- Jatia Location within Guwahati Jatia Location within Assam
- Coordinates: 26°08′39″N 91°46′44″E﻿ / ﻿26.144257°N 91.77875°E
- Country: India
- State: Assam
- District: Kamrup Metropolitan district

Languages
- • Official: Assamese
- Time zone: UTC+5:30 (IST)
- Vehicle registration: AS

= Jatia =

Jatia is a locality in the city of Guwahati. It is speculated to be the ancient capital of Assam, known under the name of Pragjyotishpura.

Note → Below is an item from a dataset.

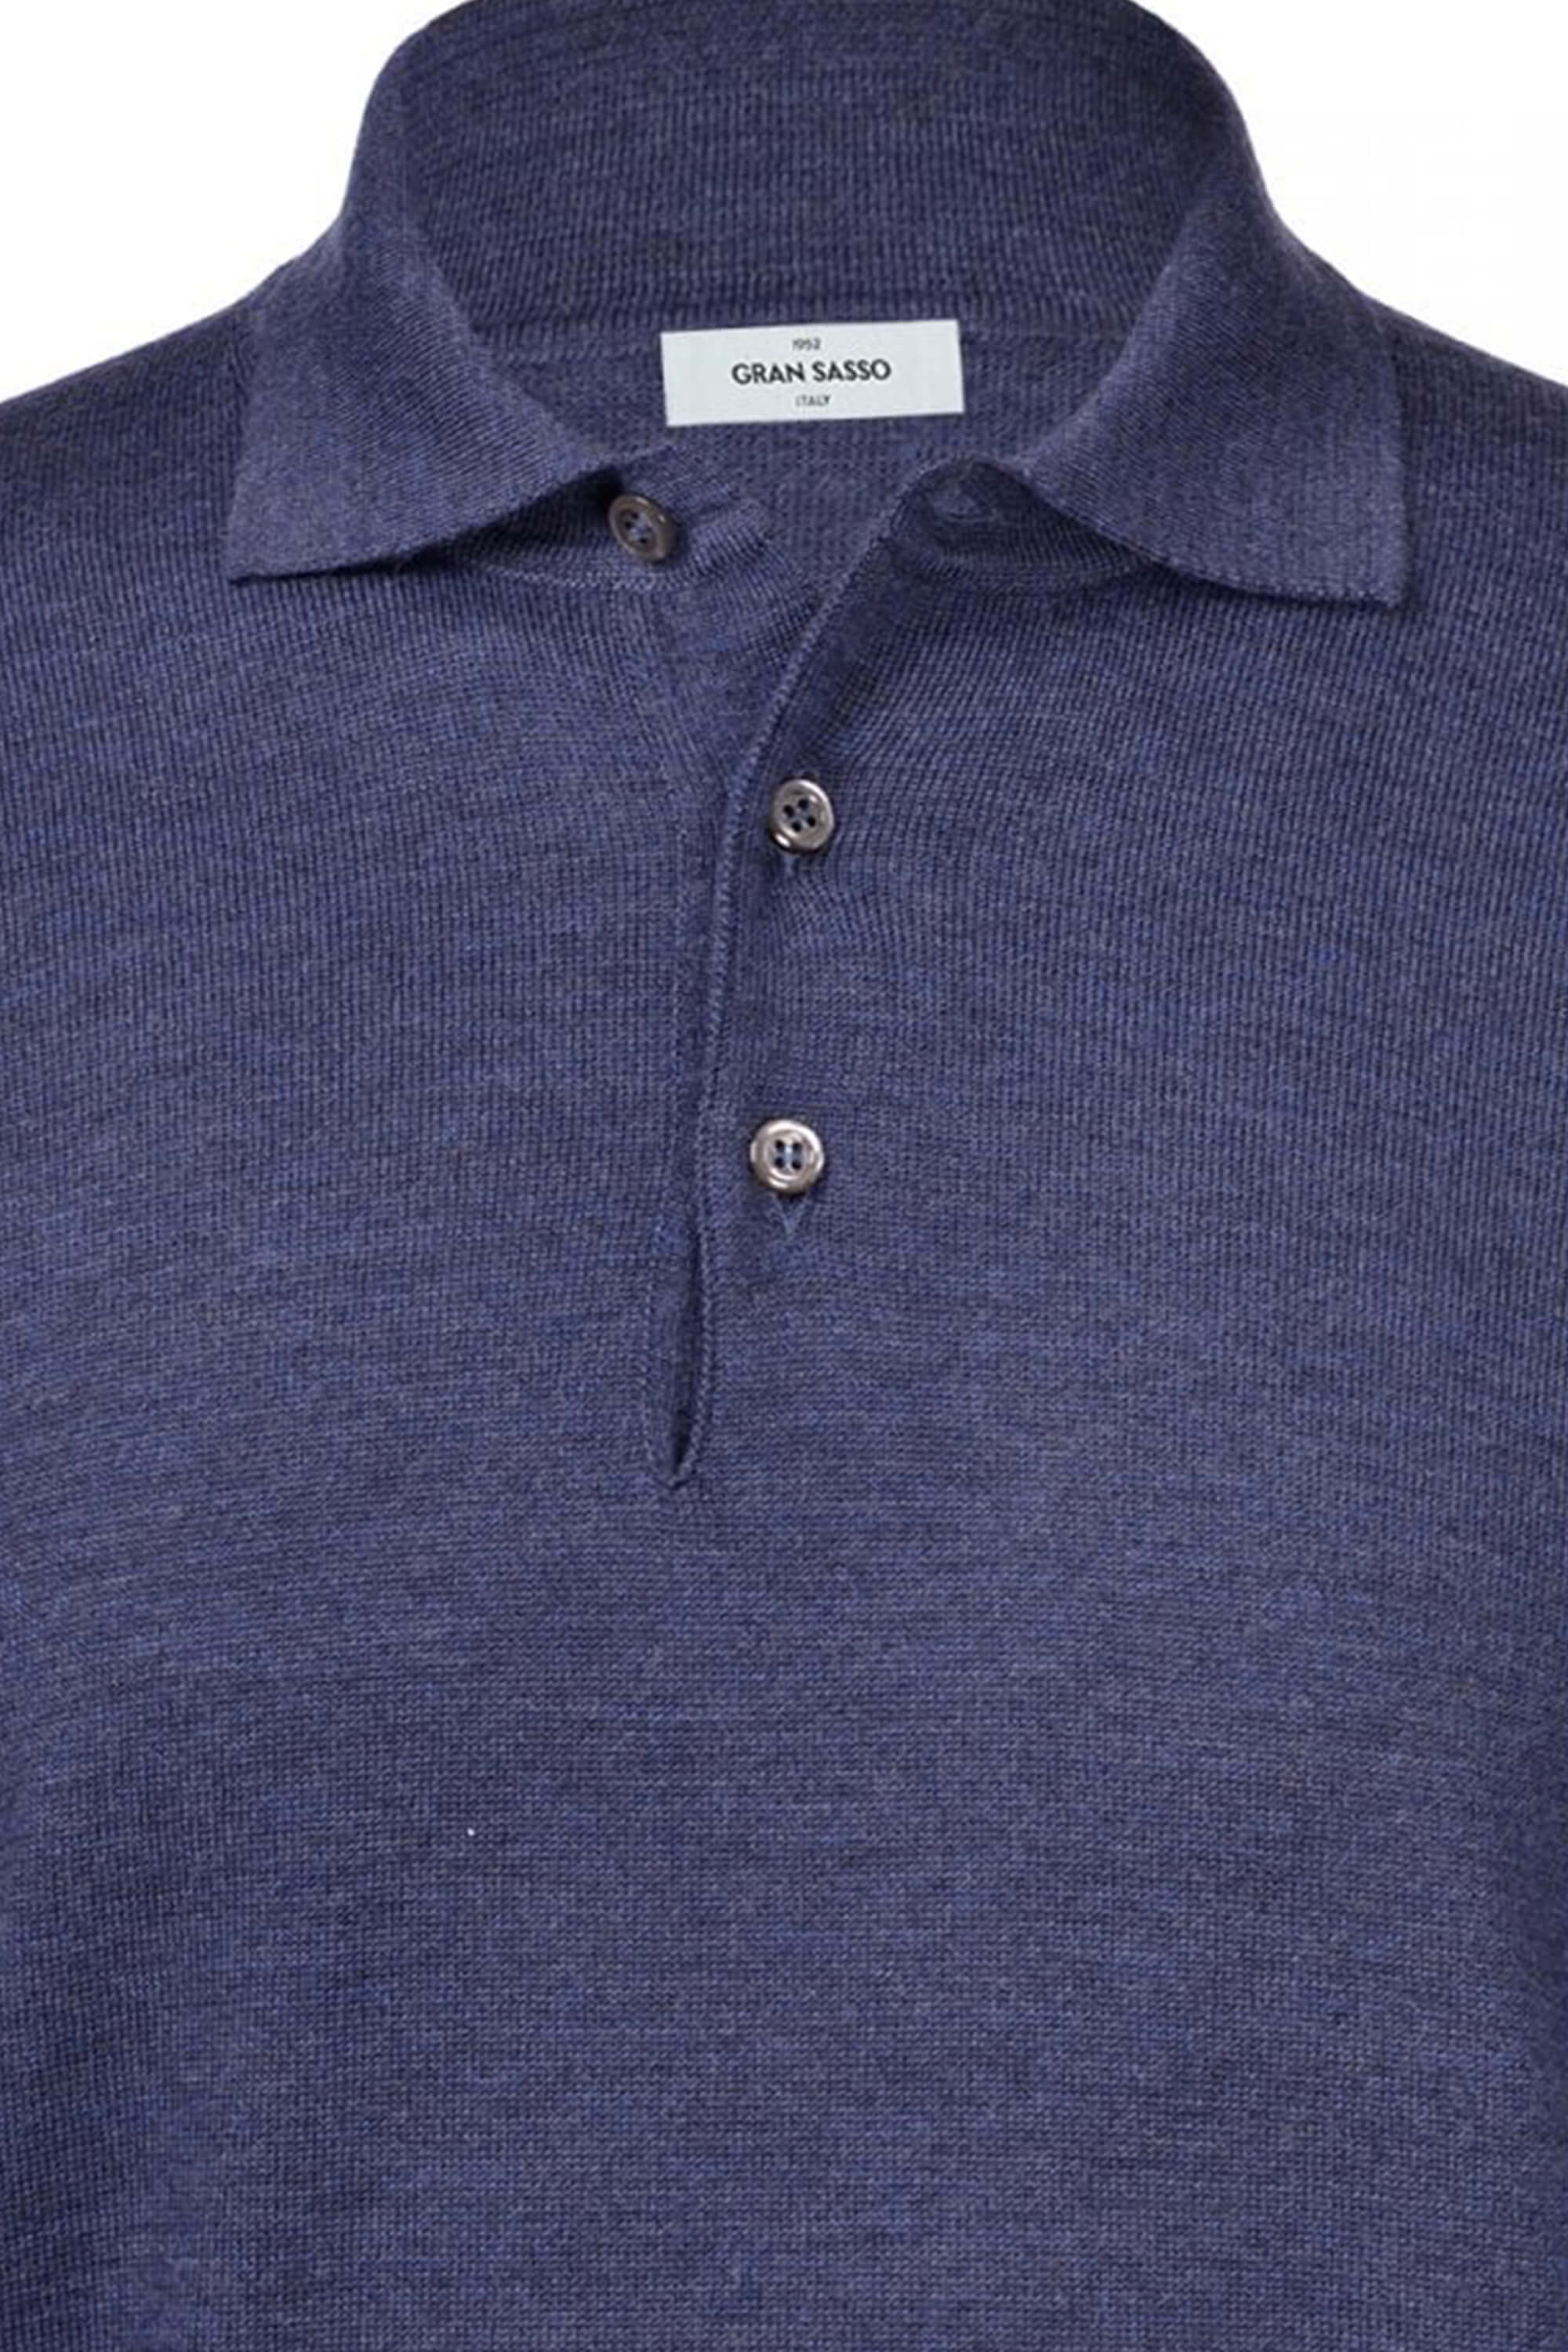 Gran Sasso Merino Wool LS Polo Blue

The locality is a suburb of Guwahati, though it is claimed that the name Jatia itself is the remnant of archaic name pragjyotisha pura. It is a high-traffic area besides the G.S. Road along with Ganeshguri, Tarun Nagar, Jyotikuchi and Ghoramara areas.

Famous residents of Jatia include late Padum Barua (maker of the Assamese realist film Ganga Silonir Pakhi), Kanak Sen Deka (editor of the Assamese Newspaper Agradoot), Ratna Singha (First Manipuri woman Superintendent of Police).

The Dispur Manipuri Nupi Marup is headquartered in Jatia. Bemarai Singha is the president of the non-governmental organisation which is involved in pioneering work for Manipuri women.

Jatia is a low lying area which was affected by flooding after heavy rains in June 2025.

Jatia LPS is well known school in the area.